* **What you need to do**:
Take the lines from the one containing "Guess Women's Square" through the final line below and restate them exactly. Omit the pictures.

═════ Input data

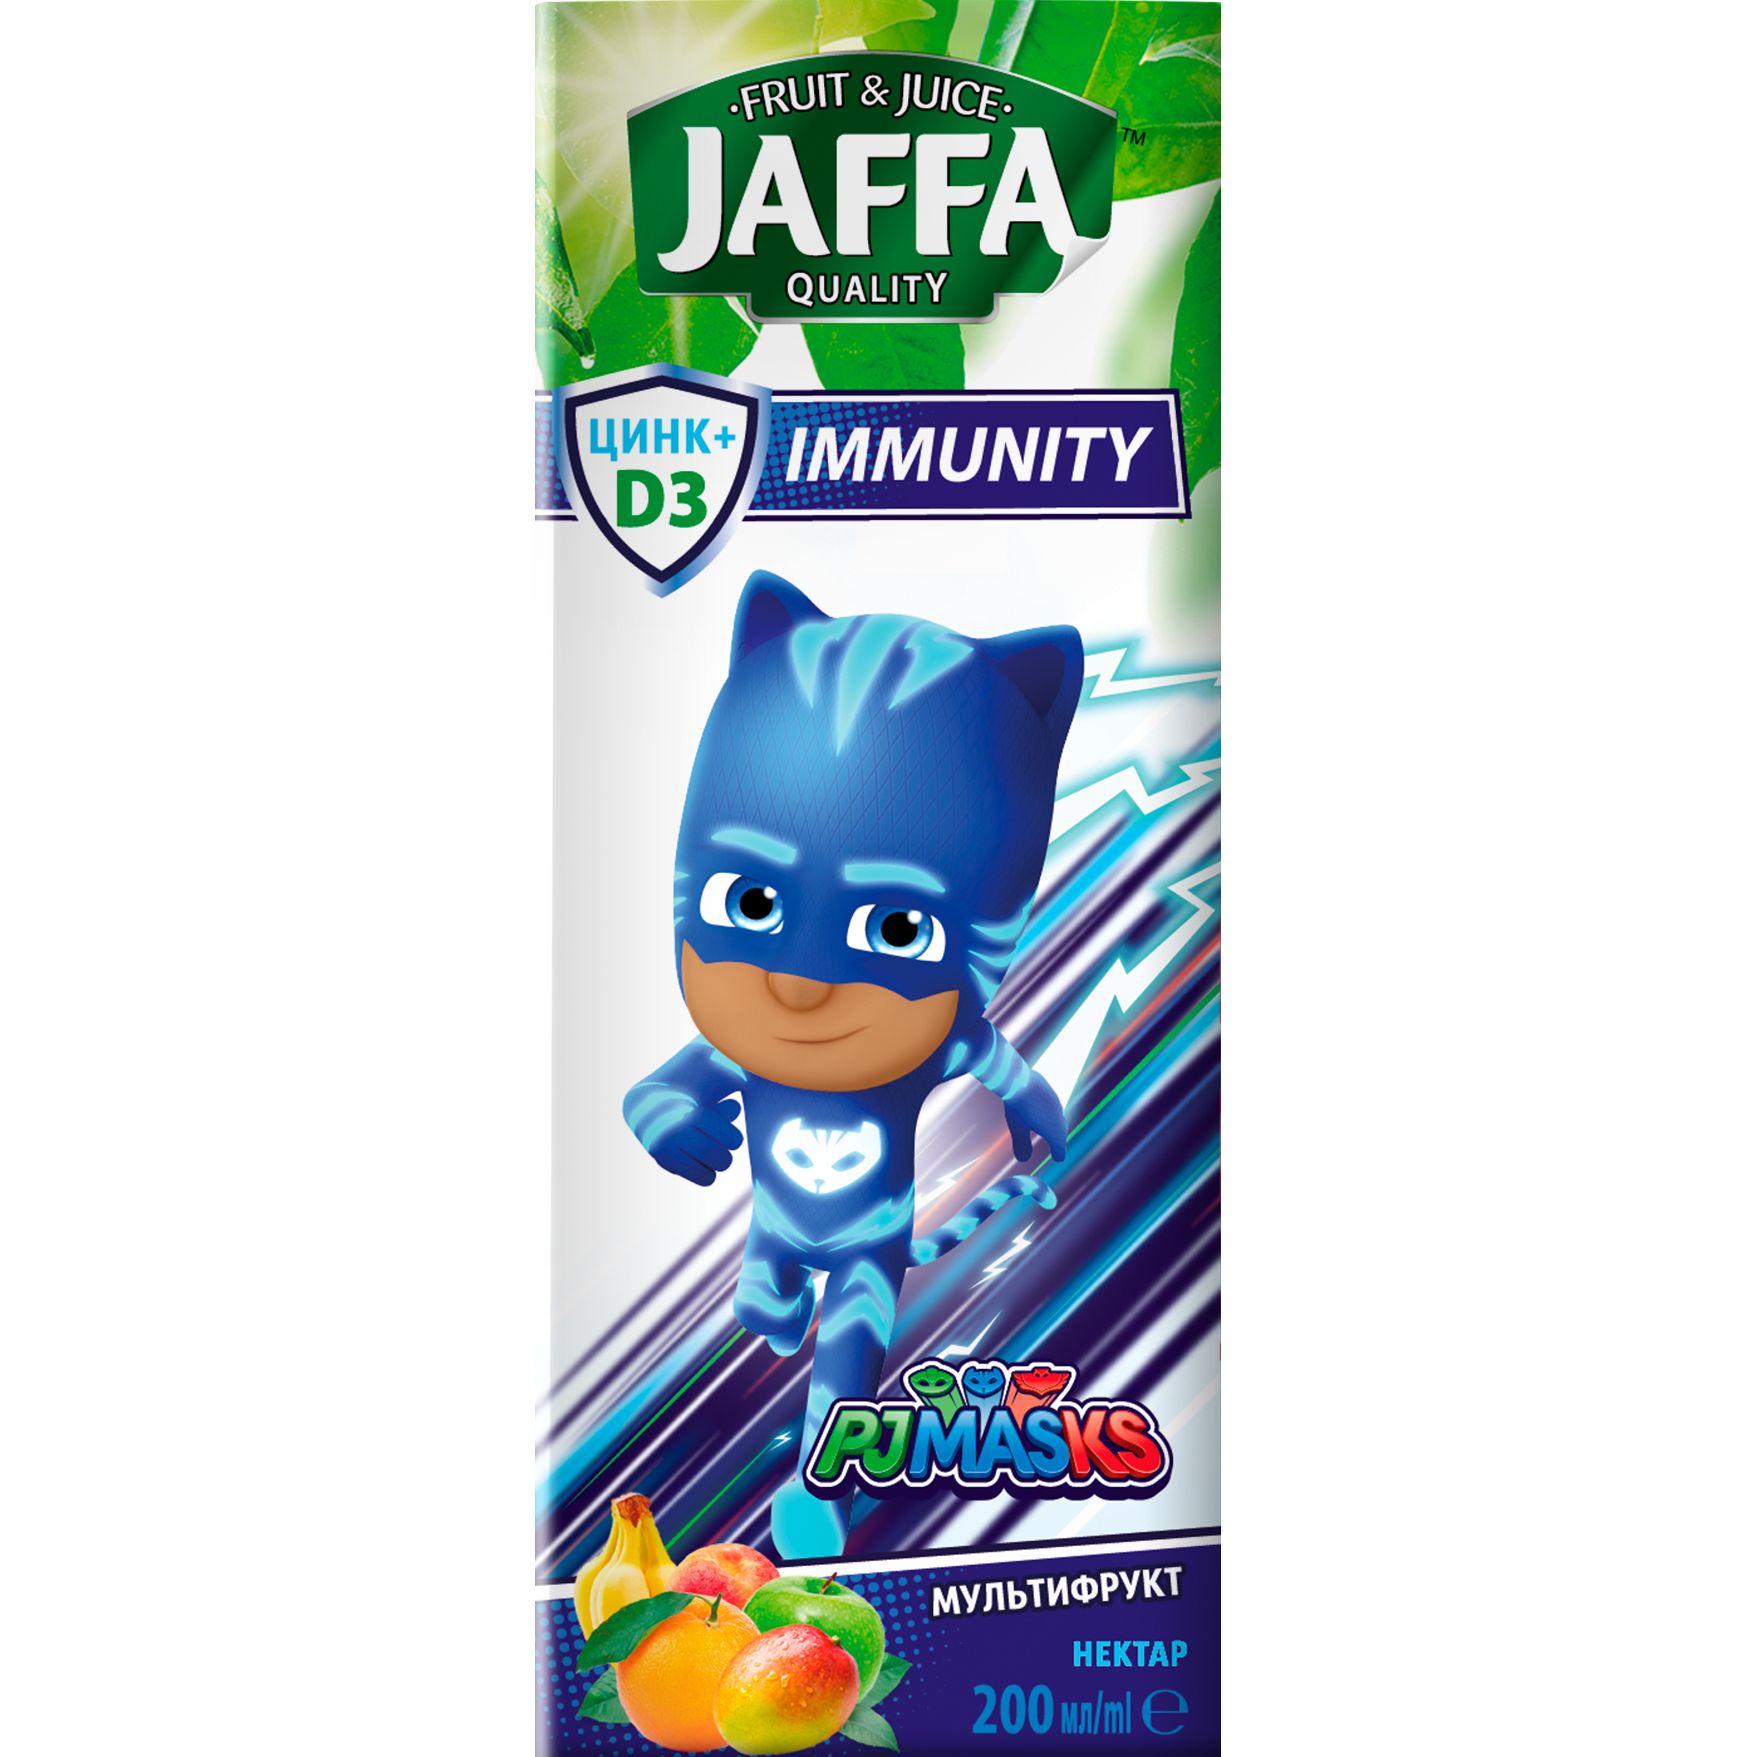 Нектар Jaffa Immunity Мультифруктовый 200 мл - фото 1
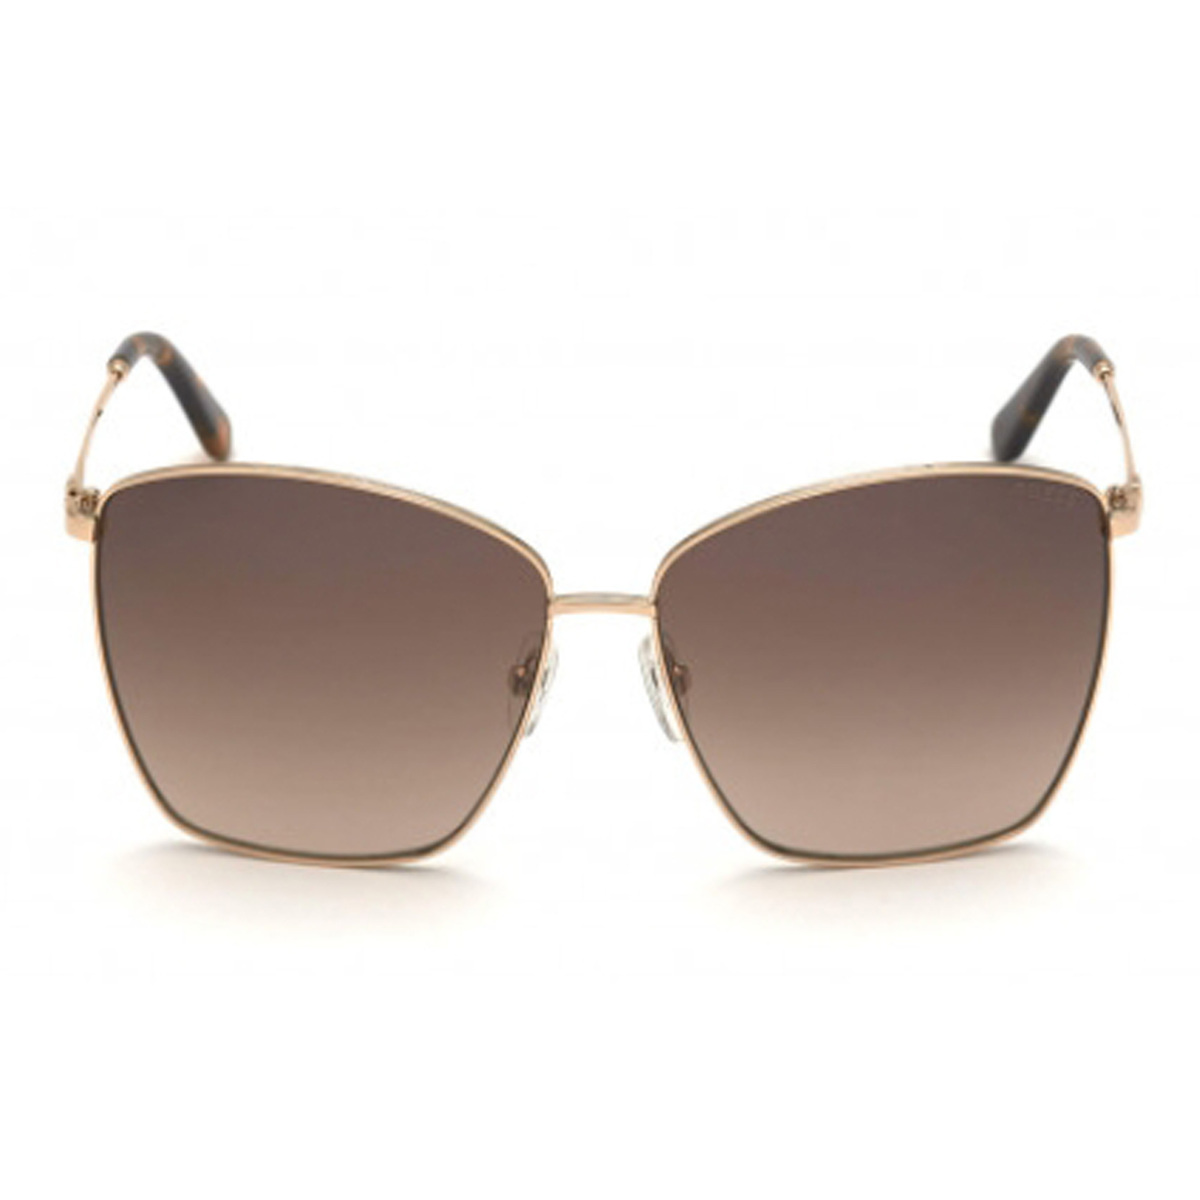 Guess Women's Square Sunglasses, Gradiant Brown, GU7745 32F
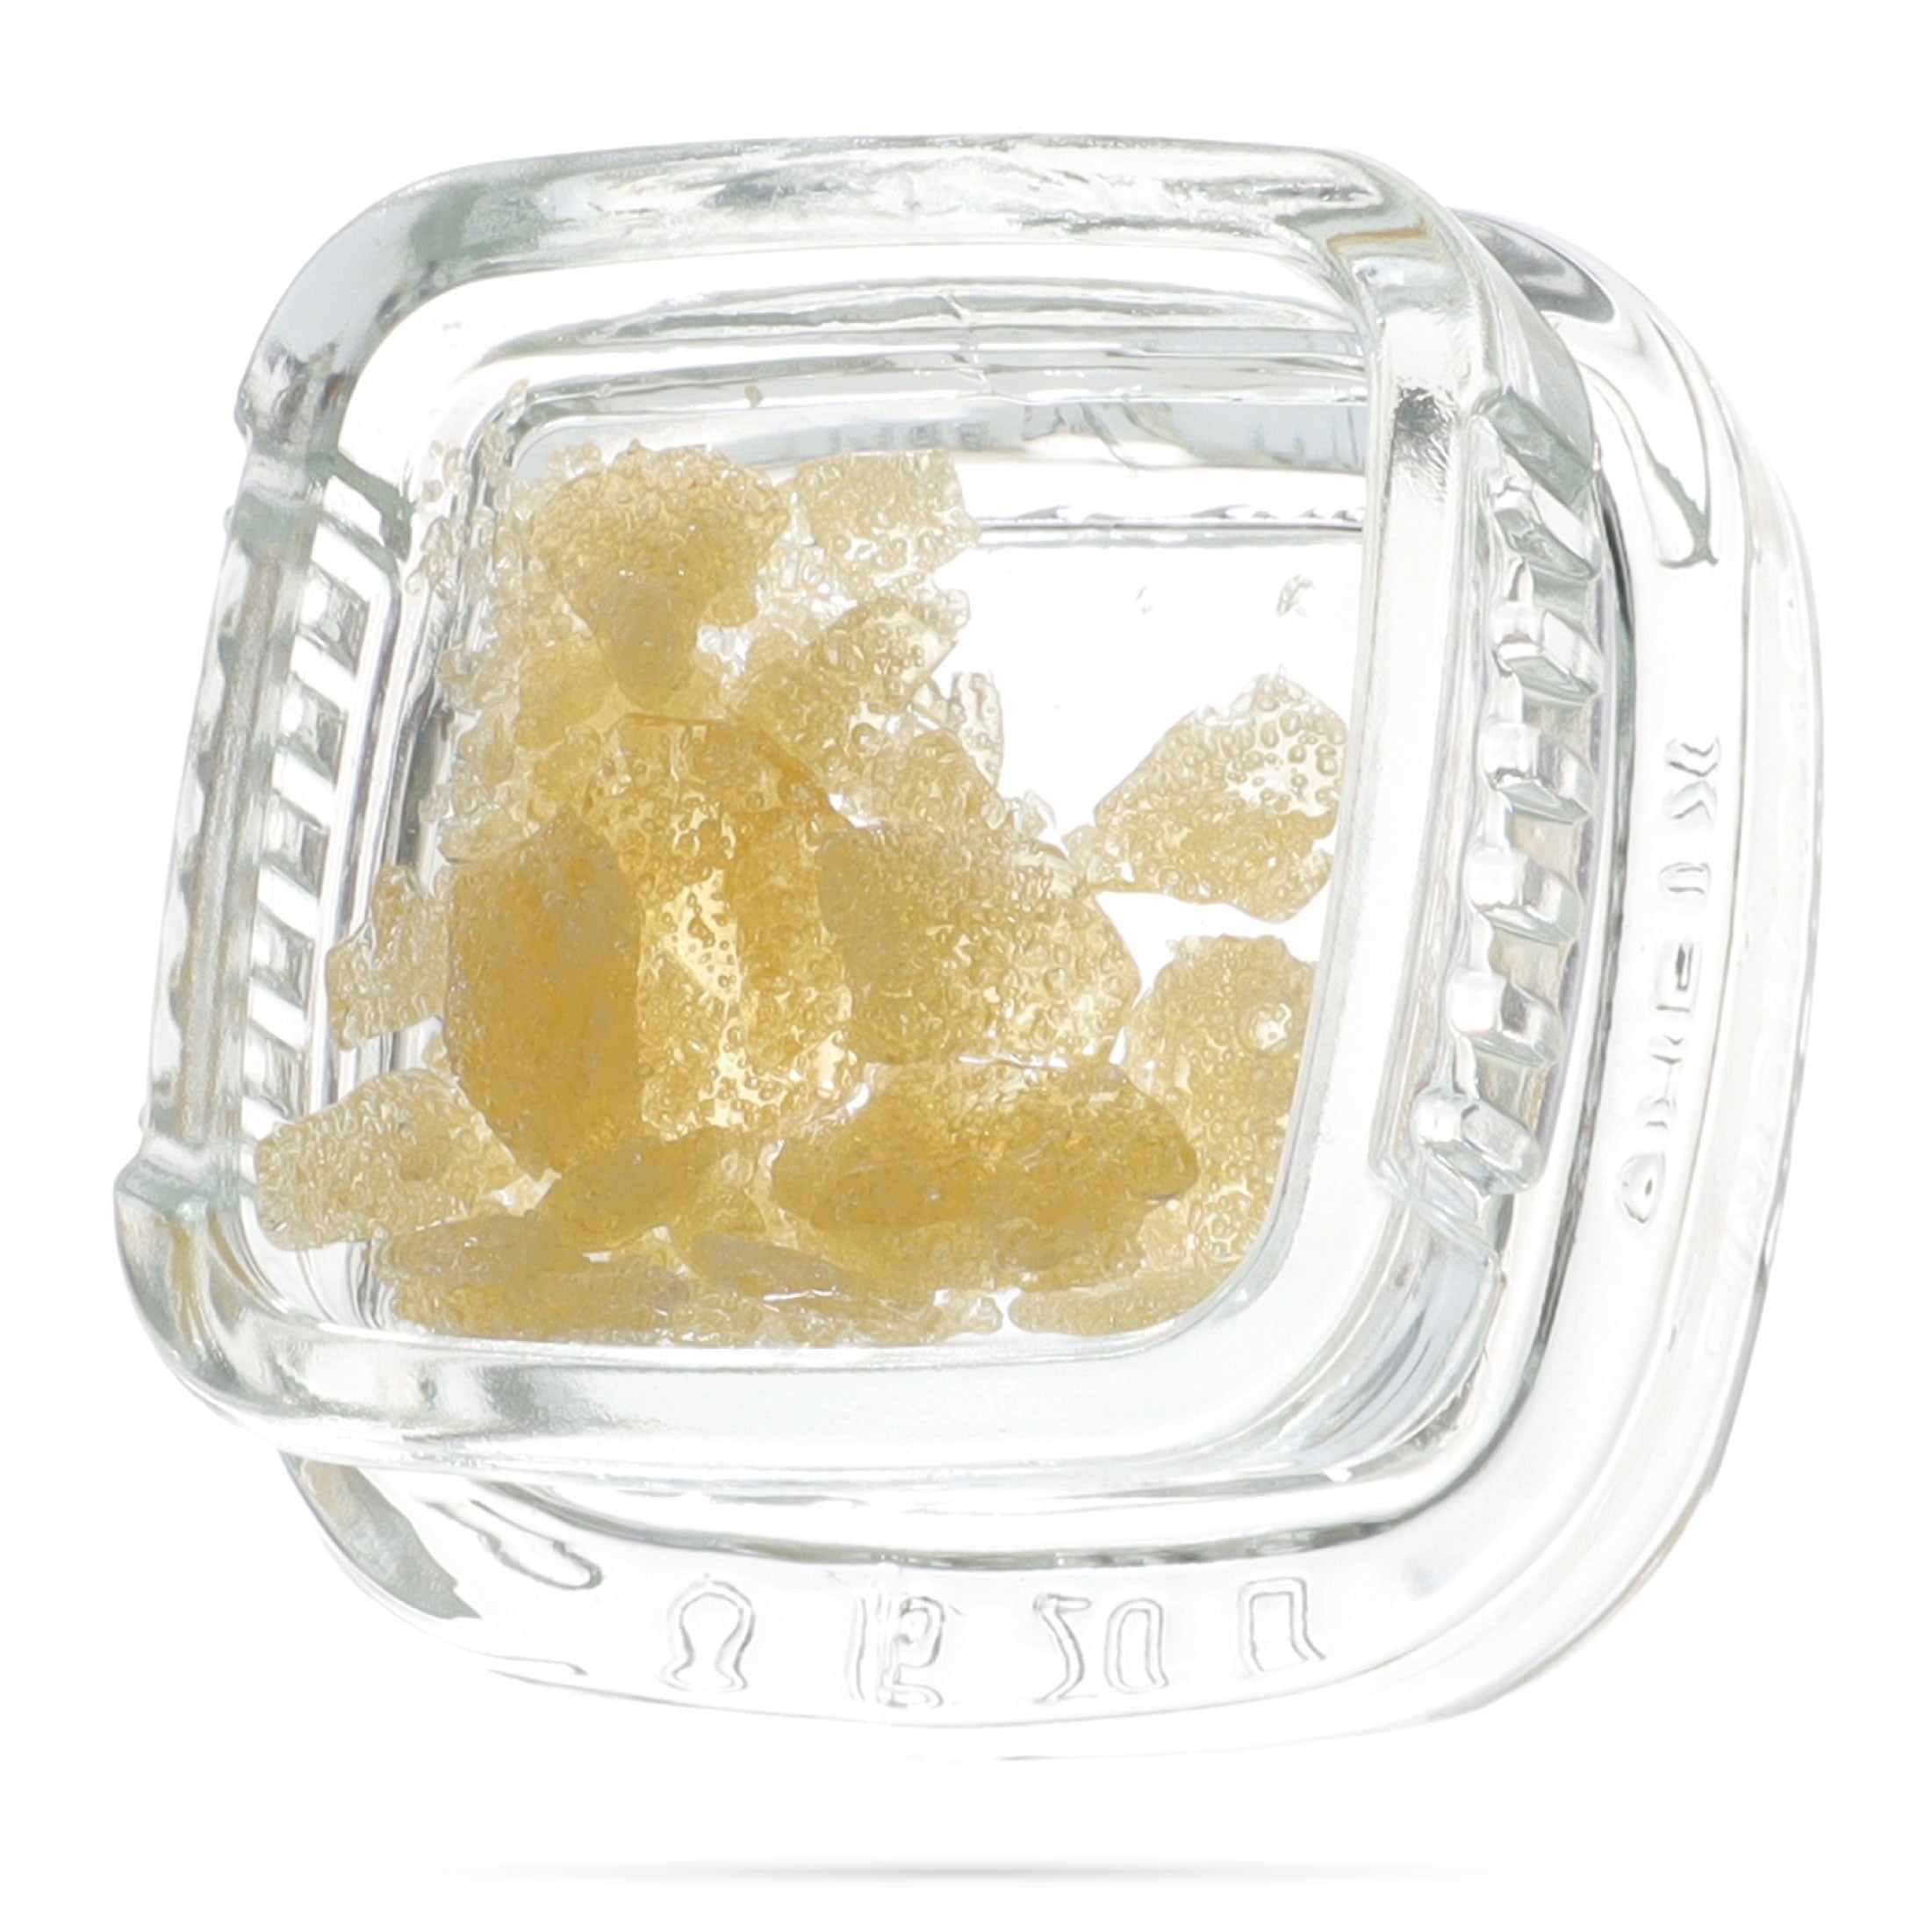 Image of a Calyx jar containing 1 gram of HCFSE CBD Shatter.

══════════

* **Response to this exercise**:
 Guess Women's Square Sunglasses, Gradiant Brown, GU7745 32F
 Image of a Calyx jar containing 1 gram of HCFSE CBD Shatter.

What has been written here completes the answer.